OPINION:
The question may sound dramatic, but it deserves serious consideration: Are we willing to accept a future in which rural America becomes increasingly unaffordable for the families who built it?
Across the country, rising costs are making it harder for working families to stay in the communities they call home. While the national affordability debate focuses heavily on urban challenges, rural America faces distinct burdens that receive far less attention. Food costs are higher, healthcare access is limited and essential services are farther away. Yet many federal policies continue to be built around urban assumptions rather than rural realities.
The result is a growing gap between what rural Americans need and what the federal government delivers.
As the representative for Hawai’i’s largely rural Second Congressional District, I see these challenges every day. The communities I represent are separated by oceans and mountains, but their concerns mirror those expressed in farming communities across the Midwest, small towns in the South, and remote regions throughout the West.
Families are struggling to keep up with the rising cost of groceries, and rural healthcare providers are struggling to keep their doors open. But federal formulas too often fail to account for the higher costs of serving geographically isolated communities, and federal investments miss the mark in delivering resources to support them. These issues are symptoms of the same underlying problem: federal policies and programs that do not adequately account for rural realities.
Food affordability offers a clear example. While rising grocery prices affect households nationwide, rural communities face additional costs driven by transportation, limited competition and supply chain challenges. In Hawai’i, families living on islands such as Moloka’i and Lna’i routinely pay significantly more for groceries than residents in urban Honolulu. Yet Supplemental Nutrition Assistance Program (SNAP) benefits are calculated using price data from Honolulu, effectively treating incredibly different food markets exactly the same.
Families facing the highest food costs should not receive assistance based on the lowest-cost market in the state. That is why I introduced the Feeding Rural Families Act, legislation modeled after policies already used in Alaska to allow SNAP benefits better reflect actual grocery costs in rural Hawai’i. While the bill addresses a challenge specific to my state, the broader principle applies nationwide: nutrition assistance should reflect the true cost of feeding a family where that family lives.
Healthcare presents a similar challenge. Rural providers operate with workforce shortages, higher operating costs, smaller patient populations and significant geographic barriers. Yet reimbursement systems often fail to account for those realities. I introduced the PATCH Act to improve how Medicare reimbursement rates reflect the actual cost of care in Hawai’i, an issue that extends well beyond our state.
Across rural America, hospitals and clinics are expected to deliver high-quality care under conditions fundamentally different from those faced by large urban health systems. Today, nearly half of rural hospitals nationwide operate with negative margins, and hundreds remain at risk of closure. Impending Medicaid cuts have also intensified concerns in communities where hospitals depend heavily on those reimbursements to maintain services. In Hawai’i alone, several rural hospitals could face serious financial strain and close altogether.
When a rural hospital closes, the effects extend far beyond healthcare. Communities lose jobs, businesses become less likely to invest and families lose access to emergency care. The closure of a rural hospital is often a warning sign of broader economic decline.
To help rural hospitals modernize and meet community needs, I introduced the Rural Hospital Revitalization Act. This bill would provide interest-free, USDA-backed financing to upgrade facilities, expand services, and meet long-term infrastructure needs. Rural communities deserve the same healthcare investment opportunities as larger urban systems.
Food affordability and healthcare access are deeply connected. Without reliable healthcare, patients miss out on timely preventive care, diagnosis and treatment. The result is sicker people, higher costs, and greater financial strain on families. Securing both affordable food and quality healthcare is essential to the health and economic stability of rural America.

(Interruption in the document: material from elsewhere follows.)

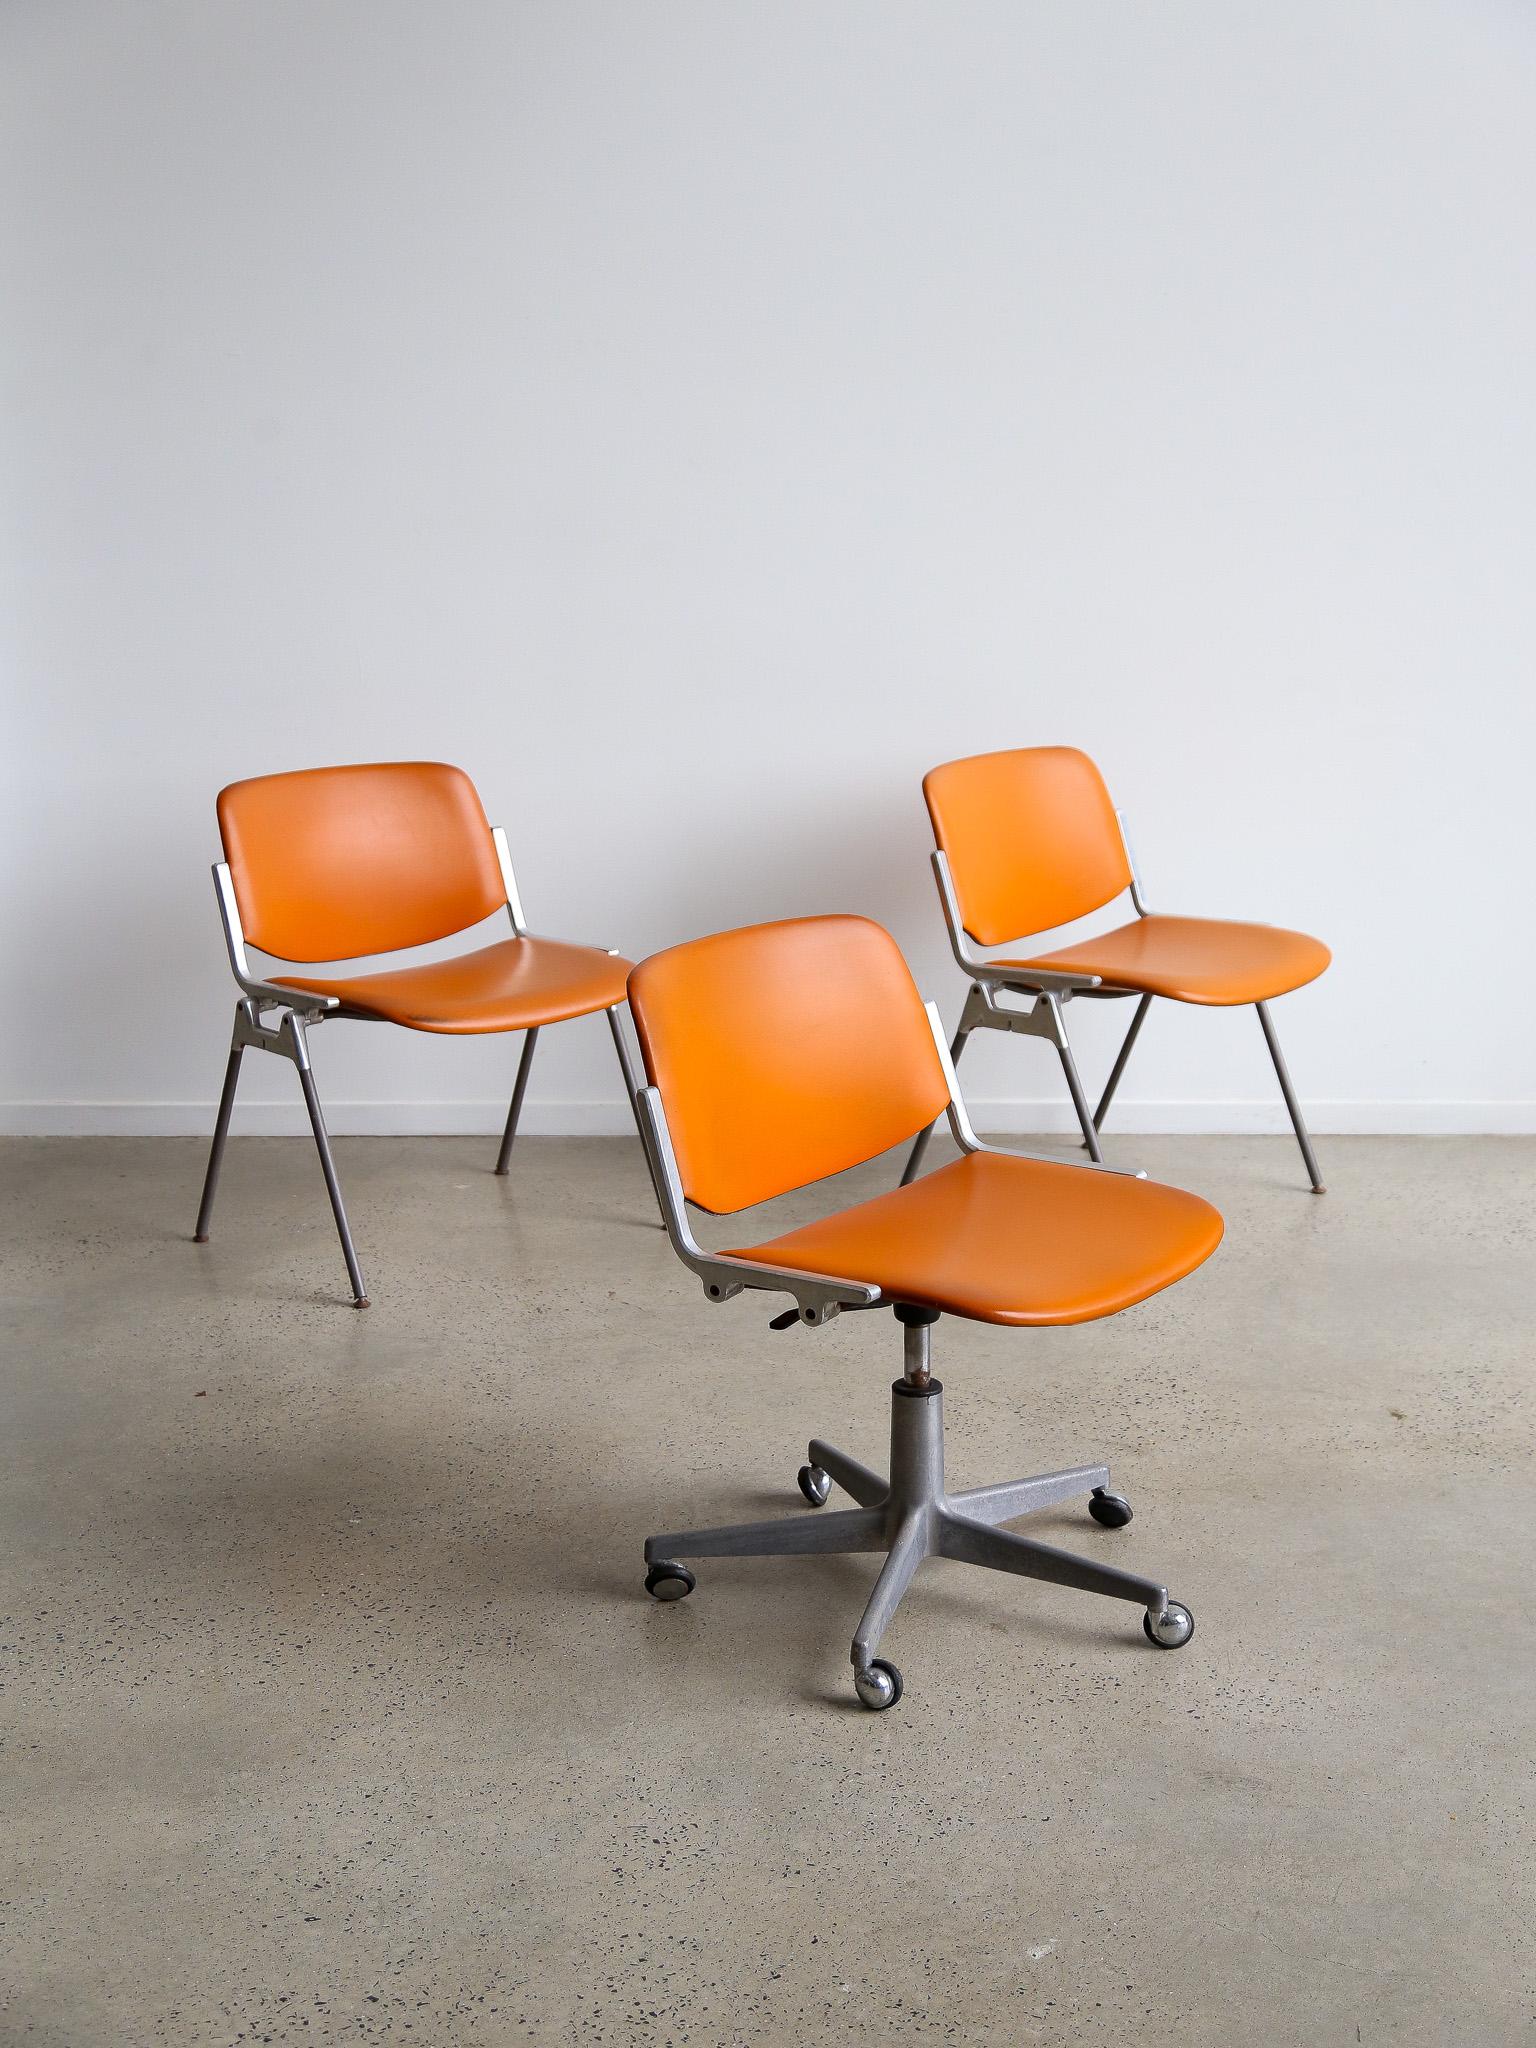 Cet ensemble de deux chaises DSC 106 a été conçu par Giancarlo Piretti pour la société italienne Castelli en 1965. C'est l'un des modèles les plus connus des chaises de la marque et c'est toujours un objet au design innovant et attractif. L'élégante

Rural Americans are not asking for special treatment. They are asking for a level playing field and the same opportunities as everyone else. A reimbursement formula that reflects the true cost of providing care is not a subsidy. A nutrition program that reflects actual grocery prices is not a special benefit. Both ensure that federal policies account for rural realities.

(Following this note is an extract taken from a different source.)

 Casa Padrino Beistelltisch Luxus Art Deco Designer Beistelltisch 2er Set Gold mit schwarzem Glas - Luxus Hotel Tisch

Rural America remains central to our nation’s food production, energy development, military recruitment and economic resilience.

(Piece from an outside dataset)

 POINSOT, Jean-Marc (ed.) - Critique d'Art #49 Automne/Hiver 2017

If we are serious about sustaining the communities that feed, fuel, and sustain this nation, we must act now before they reach their breaking point. We cannot continue to treat rural America as a problem to be managed, but rather the foundation of this country that we cannot afford to lose.
• U.S. Rep. Jill Tokuda represents Hawai’i’s Second Congressional District, which includes suburban and rural parts of O’ahu, the islands of Hawai’i, Kaua’i, Maui, Lana’i, Moloka’i, Ni’ihau, Kaho’olawe, and the Northwestern Hawaiian Islands. She serves on the House Committee on Armed Services, the Select Committee on the Chinese Communist Party, and as Ranking Member on the Subcommittee on Conservation, Research, and Biotechnology on the Committee on Agriculture. She is a founding member and Co-Chair of the Bipartisan Rural Health Caucus, as well as the Co-Founder and Co-Chair of the Congressional Air Medical Caucus.